Search code examples
python-asynciohttpresponseaiohttprate-limiting

How to add time delays from previous response.headers, between creations of tasks that make requests asynchronously (asyncio)?


Background:

I'm using asyncio to make API requests asynchronously because it takes a long time to receive response body but my subscription allows me to request at a faster rate. Response.headers has an attribute 'time_reset' that gives me the earliest time at which a new request would succeed. New calls made prior to that time would result in status code 429 (exceeding rate limit)

Goals:

  1. Asynchrounously make new requests without having to wait until receiving results from the past ones
  2. Set varying time delays for each request, so that new calls are only made after current time's past 'time_reset' (which is updated with each call)

Problem:

I've managed to achieve goal 1 (if manually setting the delays to a fixed number between requests), but failed at goal 2. What I'm doing now is

  1. Set a global variable time_reset whose value can be obtained/modified instantly when a new call is made
  2. Create tasks to retrieve the data in a loop. Between creation of tasks I await some time based on the current value of time_reset
  3. Wrap the tasks in a list to gather in the end.

However, with the code below, it seems no delay time is awaited between requests. I don't know why this happens nor where I'm doing wrong. How should I modify the code (or write something new) to achieve the goals above?

Code:

import asyncio
import aiohttp
import time

async def fetch(url, headers):
    global time_reset
    async with aiohttp.ClientSession() as session:
        async with session.get(url, headers=headers) as response:
            time_reset = int(response.headers.get('time_reset')) # time when next request'd be successful/not exceeding rate limit
            if response.status_code==200:
                data = await response.json()
            else:
                data = None

            return data
        

async def main():
    global time_reset
    time_reset = 0

    request_urls = <a list of urls to call>
    headers = <headers with renewed token>

    tasks = []

    for url in request_urls:
        task = asyncio.create_task(fetch(url, headers))
        tasks.append(task)

        current_time = int(time.time())
        delay = max(0, time_reset - current_time + 0.5) # +0.5 to prevent lags
        await asyncio.sleep(delay) 

    datas = await asyncio.gather(*tasks)

await main() # running in jupyter notebook
        

Related Post:

Python Aiohttp Asyncio: how to create delays between each task Here, top answers set delays to be fixed, instead of self-updating.

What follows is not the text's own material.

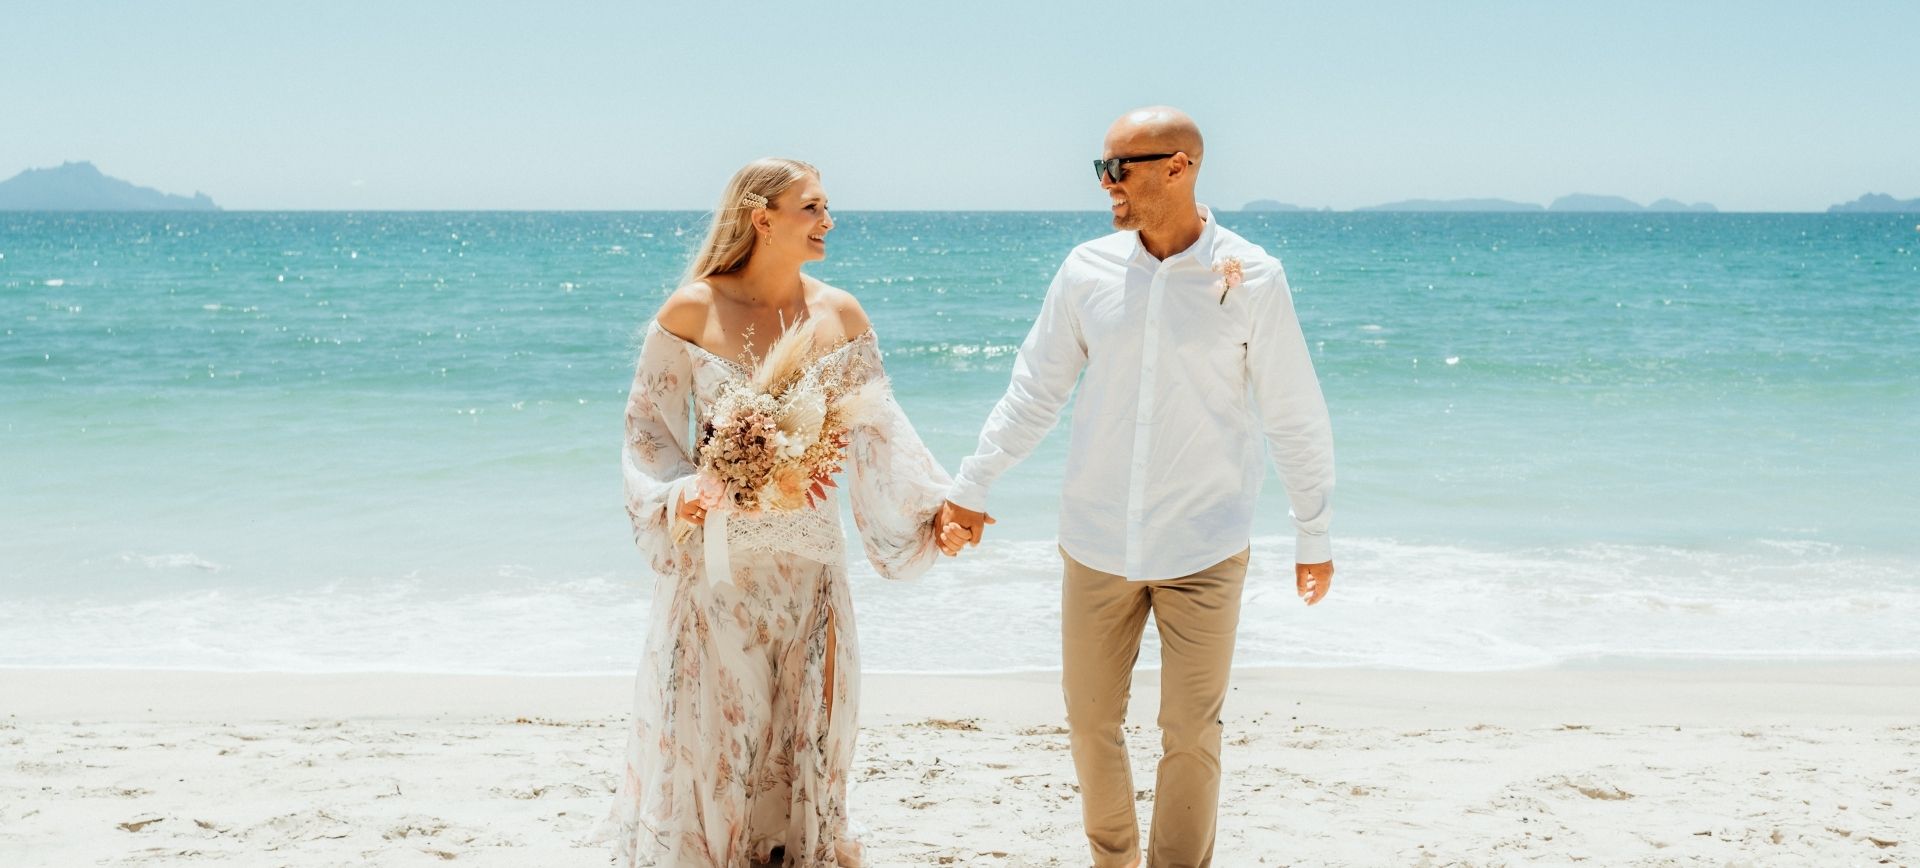 Elopement in New Zealand - Beach & Sand Dune Wedding in Northland

Any advice'd be appreciated.


Solution

  • If I understand the implementation of aiohttp, the following things are true:

    • As soon as the expression await request.get() is evaluated, the response headers are available. I see that response.headers is not an awaitable.
    • The response body may possibly take a significant amount of time to access. That's the problem you are trying to solve.
    • The header 'time_reset' indicates the earliest moment at which the server will accept the next request.get call. Multiple request.json calls can go in parallel while you are waiting to call request.get.

    If that's all correct, then you have to separate the logic of checking the request headers from the logic of downloading the request body. That's because you need to inspect the headers before you know how long to wait before making the next request.get call. What you want to parallelize is only the downloading of the request body.

    You must issue the request.get calls in a serial fashion, one after the other, with the proper time delay between them. Since you have multiple Tasks running, you can use an asyncio.Lock object to achieve this.

    The main problem with your implementation is that you have attempted to put the time delay in the wrong place. Instead of between Task creations, it needs to be between request.get calls.

    Here is a possible implementation.

    I have created a small class to act as the "gate" for serializing the calls to request.get. That eliminates the need for the global variable. The function Fetcher.get returns a response object, which your Tasks can then use to download the data.

    Unfortunately time_reset is not a standard header, so I cannot test this code myself. I'm fairly certain there is a big problem with your time logic: the standard Python function time.time() returns the floating point number of seconds since 1/1/1970 (I think), while the header presumably returns a time stamp in some sort of internet format (a formatted string). I just ignored this problem because I don't have enough information to do anything else. Also I don't understand why you are trying to convert all the time values to integers. That would lead to sleep times that contain round-off errors; instead, floating point should just work.

    import asyncio
    import time
    
    class Fetcher:
        def __init__(self):
            self.next_time = 0
            self.lock = asyncio.Lock()
    
        async def get(self, session, url, headers):  # returns a response object
            with self.lock:
                t = time.time()
                if t < self.next_time:
                    await asyncio.sleep(self.next_time - t)
                response = await session.get(url, headers=headers)
                self.next_time = response.headers.get('time_reset')
            return response
    
    async def fetch(fetcher, url, headers):
        async with aiohttp.ClientSession() as session:
            response = await fetcher.get(session, url, headers)
            async with response:
                if response.status_code == 200:
                    data = await response.json()
                else:
                    data = None
        return data
            
    
    async def main():
        request_urls = "<a list of urls to call>"
        headers = "<headers with renewed token>"
    
        tasks = []
        fetcher = Fetcher()
    
        for url in request_urls:
            task = asyncio.create_task(fetch(fetcher, url, headers))
            tasks.append(task)
        datas = await asyncio.gather(*tasks)
    
    await main() # running in jupyter notebook